Wer Gold hortet, um in der Not über einen praktischen, leicht und unauffällig transportierbaren Geldersatz zu verfügen, wird daher feststellen, dass ihm daraus viele praktische Probleme erwachsen, die allesamt dazu führen, dass er sehr viel weniger für sein Gold bekommt, als es der jeweilige "offizielle" Umtauschkurs erwarten ließe.
Im ernst Herr Kreutzer, woher wissen Sie das, aus der Kristallkugel?
2. Gold ist Spekulationsobjekt - und damit von fremden Zielen abhängig.
[…] Dass diese spekulative Nachfrage auf der Annahme beruht, Gold sei vor Inflation geschützt, bzw. Gold böte einen Schutz vor Inflation, ist ein Widerspruch in sich selbst. Steigende Goldpreise sind kein Indiz für einen substantiellen Wertanstieg, sie sind lediglich ein Indiz für eine steigende Nachfrage bei einem Überangebot von Geld.
Aha, das Überangebot von Geld löst also steigende Goldpreise aus. Deshalb ist Gold ja ein Inflationsschutz in Konkurrenz zum inflationierenden Geld. Wenn Gold schon keinen substantiellen Wertanstieg erfährt, ist der dramatische Verfall des Geldwerts wenigstens offensichtlich.
Die Parallelen zur holländischen Tulpenzwiebel-Hausse sollten jedermann auffallen.
Wer hier Parallelen sieht, hat Tulpenzwiebeln vor den Augen…
Geht das Überangebot an Geld, das verzweifelt nach Anlage sucht, zurück (z.B. infolge einer Währungsreform), fällt der Preis wieder, und das viel schneller als er gestiegen ist.
Wen interessiert denn der nominale Preis, es kommt nur auf die Kaufkraft an. Nach einer Währungsreform ist die Kaufkraft des alten Geldes gleich NULL…

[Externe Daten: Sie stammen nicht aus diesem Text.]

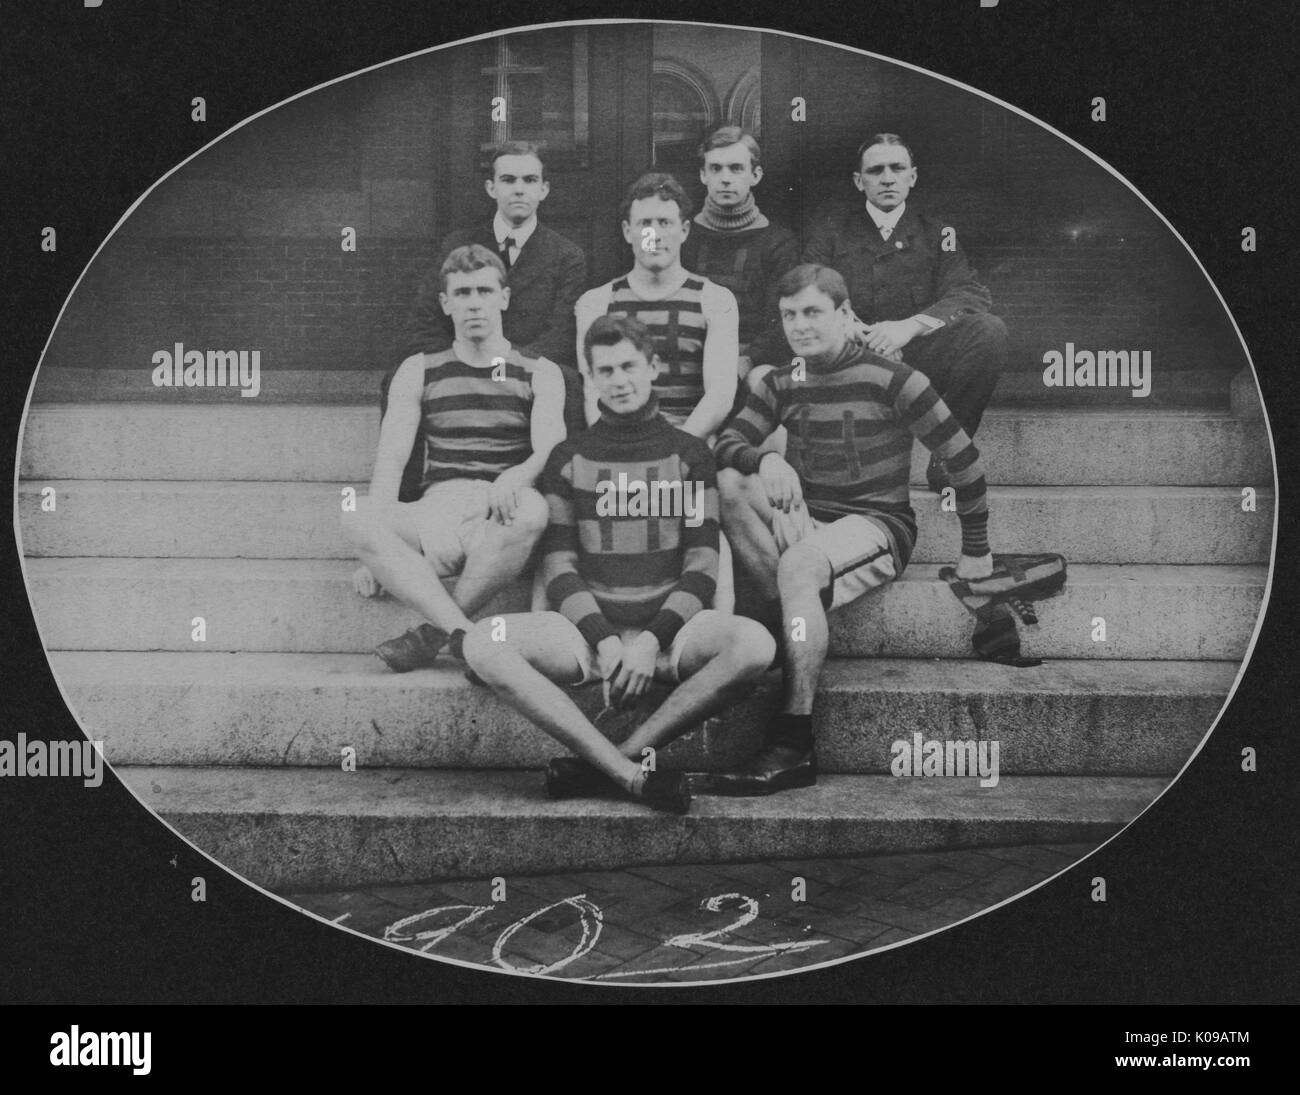 Photo de groupe, les membres de l'équipe de piste sont assis en uniforme dans un portrait officiel sur les étapes, 1902. Banque D'Images
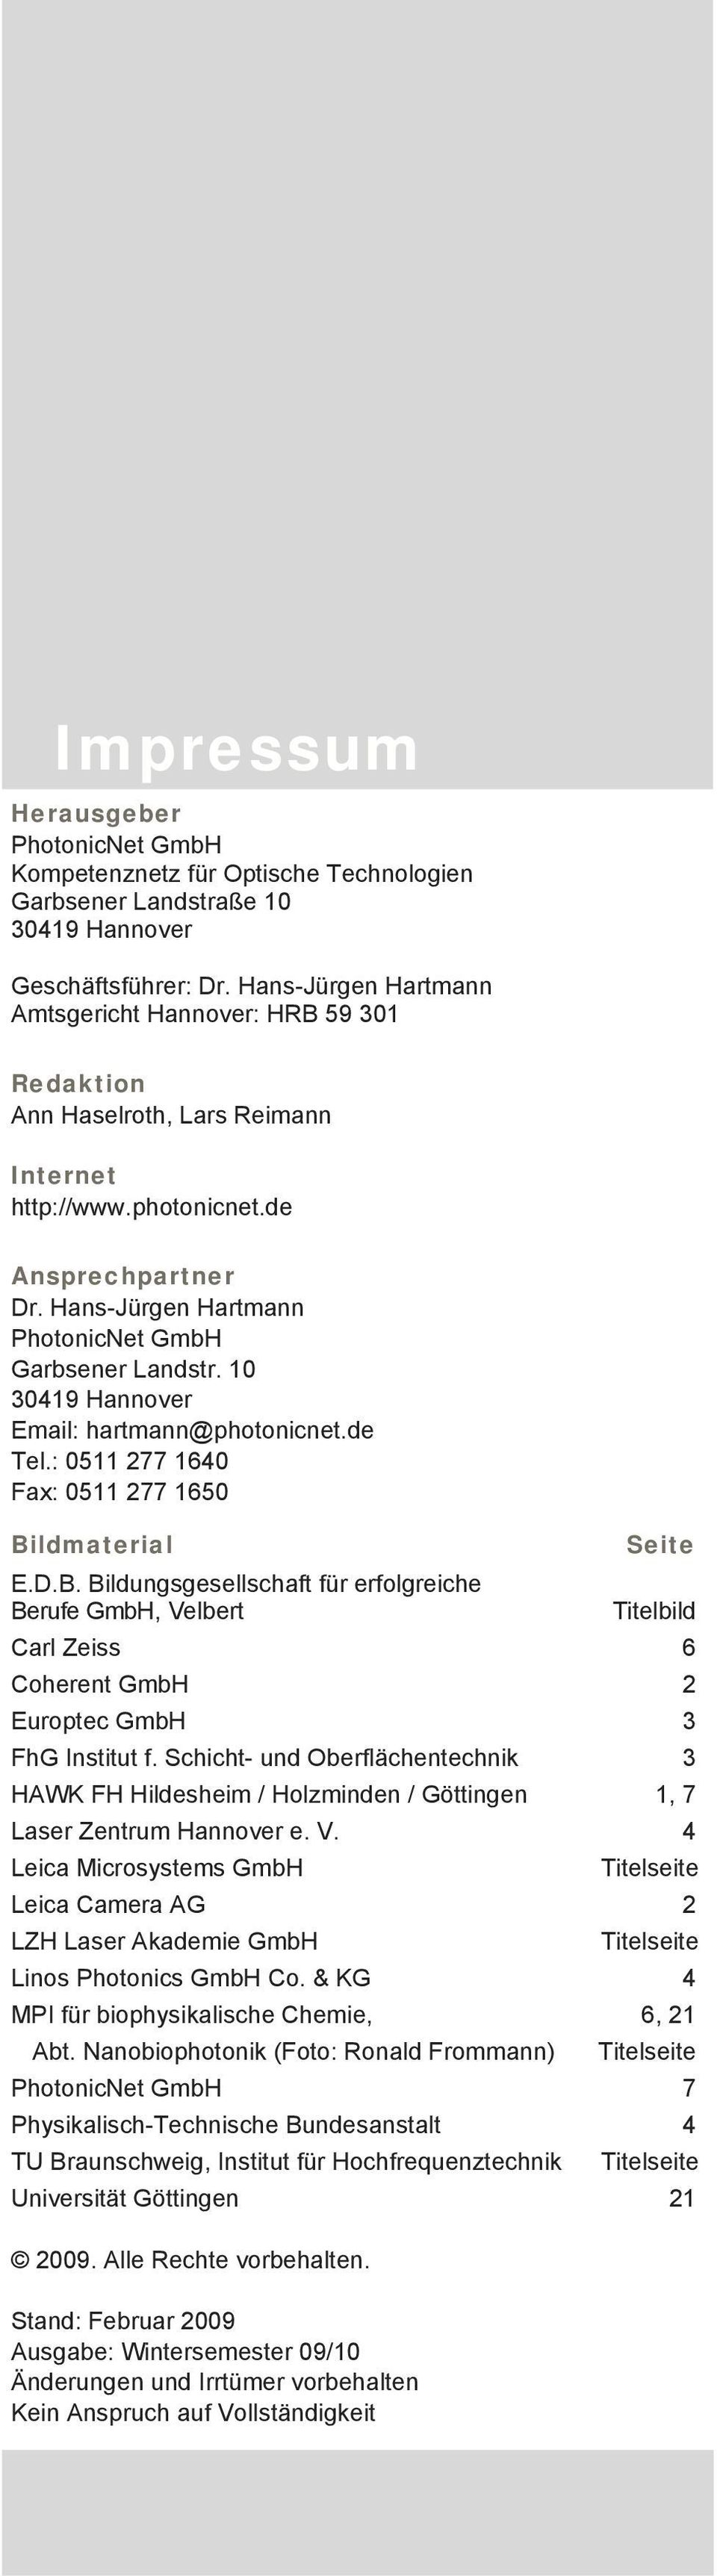 Hans-Jürgen Hartmann PhotonicNet GmbH Garbsener Landstr. 10 30419 Hannover Email: hartmann@photonicnet.de Tel.: 0511 277 1640 Fax: 0511 277 1650 Bi

3. Gold ist Inflationsindikator - aber nicht inflationsresistent.
Um Gold auf den Stand der heutigen Papierwerte zu inflationieren müsste die Menschheit noch einige zehntausend Jahre buddeln…
Weil Gold kein Geld ist, glauben viele, ihr Geld durch die Umwandlung in Gold sicher durch die Inflation bringen zu können. Dahinter steckt die Überlegung, ein kg Gold bliebe immer ein kg Gold, und sein Preis drücke lediglich die Kaufkraft des Geldes aus. Dieser Überlegung fehlt jedoch ein wichtiges Element, nämlich die Frage, welche Kaufkraft eingesetzt werden musste, um das Gold einzukaufen, und welche Kaufkraft bei seinem Verkauf zurückgewonnen werden kann. Gold haben, um Gold zu haben, ist schließlich noch lange keine Anti-Inflationsstrategie, sondern nur der Ausdruck kindlicher Freude an glänzenden Dingen.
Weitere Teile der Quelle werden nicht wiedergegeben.